CPM (cost-per-thousand impressions): CPM is the bid you pay per one thousand views (impressions) when running ads. Selecting viewable CPM bidding ensures that you only pay when your ads are seen.

Conversion rate (CVR): Measuring how many website visitors get converted into leads is a valuable and tangible metric that defines your digital marketing success. Whether your goal is to gather useful information about your website visitors and potential customers or convert site visits into sales, monitoring your conversion rates can give you great insight as to what particular aspects of your digital marketing campaign will deliver the best results.

Average time on site: You can measure how well you are engaging with your targeted website visitors by how long their average times during each visit to your site is. This is important for gauging what content is relevant and will drive results from site visitors, gaining their valuable trust, and eventually increase these levels of trust into something that would finally entice them to convert.

Cost per acquisition (CPA): Most commonly used for conversion-driven campaigns, cost-per-acquisition is the amount of cost that it takes to close a sale on your site. The formula for CPA is total campaign cost/conversions. In most digital advertising platform, this metric can help algorithms optimize campaigns for cost per action/acquisition.

Return on investment (ROI): Return on investment can be aptly measured by the website traffic that is eventually converted into new paying customers. This metric will also help you identify which area in your digital marketing campaign is driving sales and revenue.

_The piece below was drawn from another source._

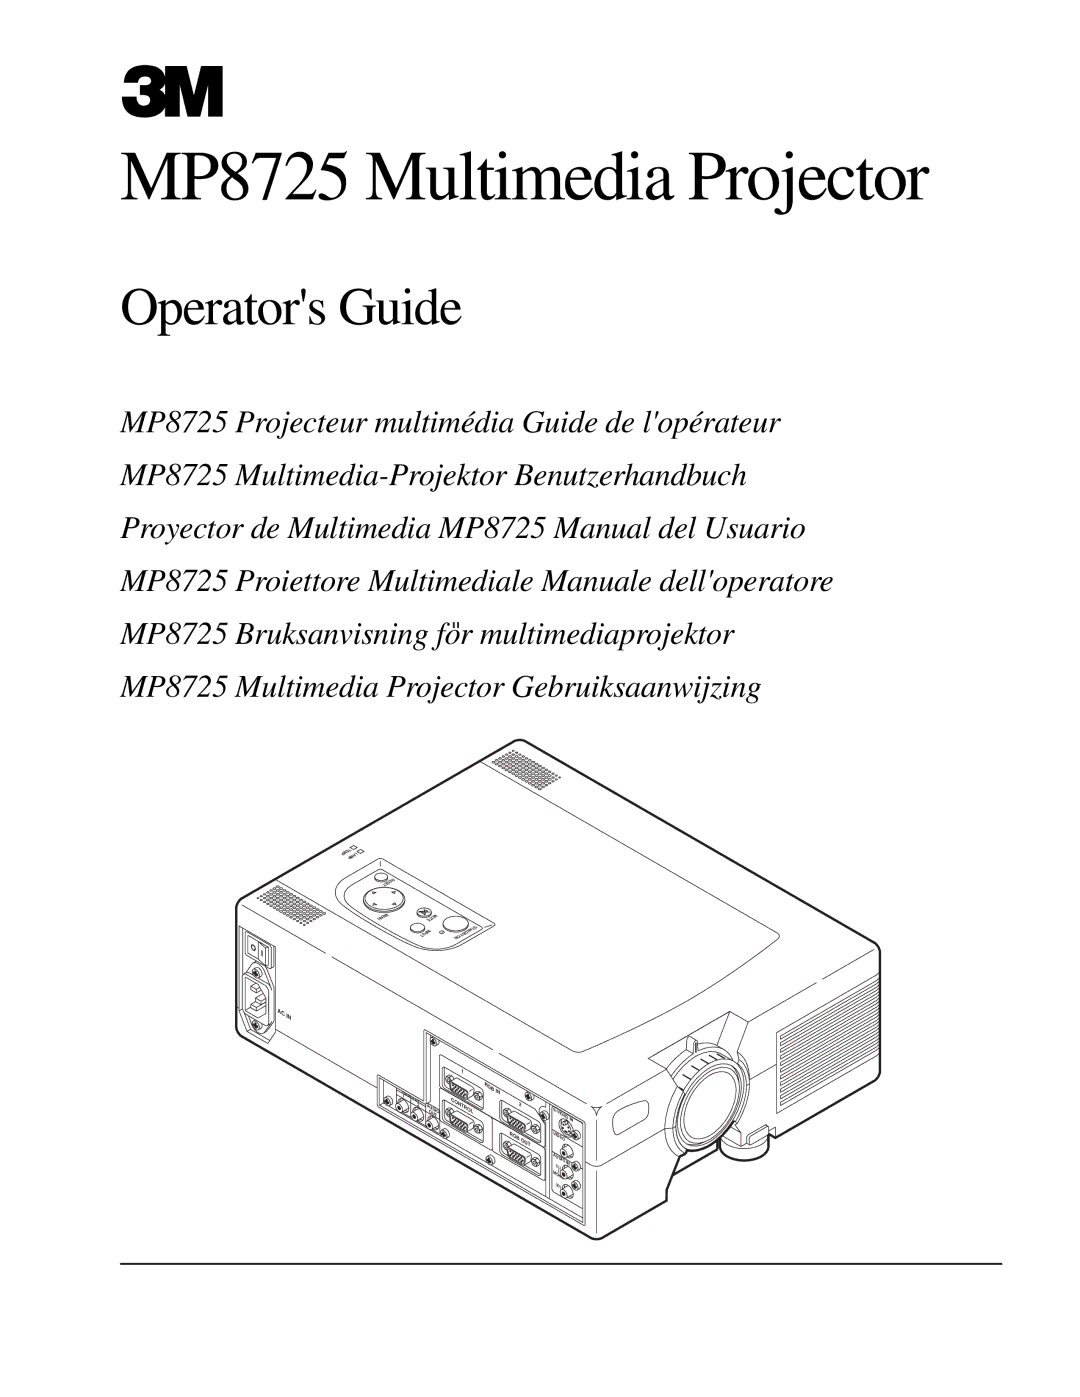 3M manual MP8725 Multimedia Projector

Cost to acquire a customer (CAC): ROI is measured by the number of new paying customers for a given period. The value for acquiring these new customers, on the other hand, is defined by getting the total of your marketing and sales costs for a particular period divided by how many new paying customers were generated during that same period.


Determining what’s important

So, what KPIs should you track? There is a seemingly infinite number of digital advertising KPIs, and it can be easy to end up tracking everything, learning nothing, and not knowing what is important. Often, teams will overcompensate for a lack of data by building out an epic spreadsheet, complete with bells and whistles and more KPIs than you can shake a stick at…only to realize it’s too time-consuming to keep updated and too overwhelming to learn from.

Instead, it’s best to focus only on the KPIs that are relevant to your company, your team, and your current projects. If I had to focus on just one thing, what would it be?

More leads: You don’t just want any new leads, you want the right ones. So, you may also want to track how many of those new leads are likely to purchase your product (marketing qualified leads) and whether those leads stick around (churn rate).

More Sales: Sales are great, but you want to make sure those new customers stick around (churn rate). Moreover, you probably want to know how much these sales earn your company over time (customer lifetime value).


Start with the right KPIs and metrics

These days, most marketers are swimming in more data than they can handle. The problem is that data without context means nothing and prioritizing the right digital advertising KPIs and metrics is a vital start to measuring your marketing efforts with accuracy.

First, define your campaign objectives and goals and then assign the right KPIs that enable you to measure success. Next, identify the metrics that provide the data your KPIs need and filter out anything else. Don’t get bogged down in data that’s irrelevant to the core goals of your campaigns. Everything but the essential data is a distraction.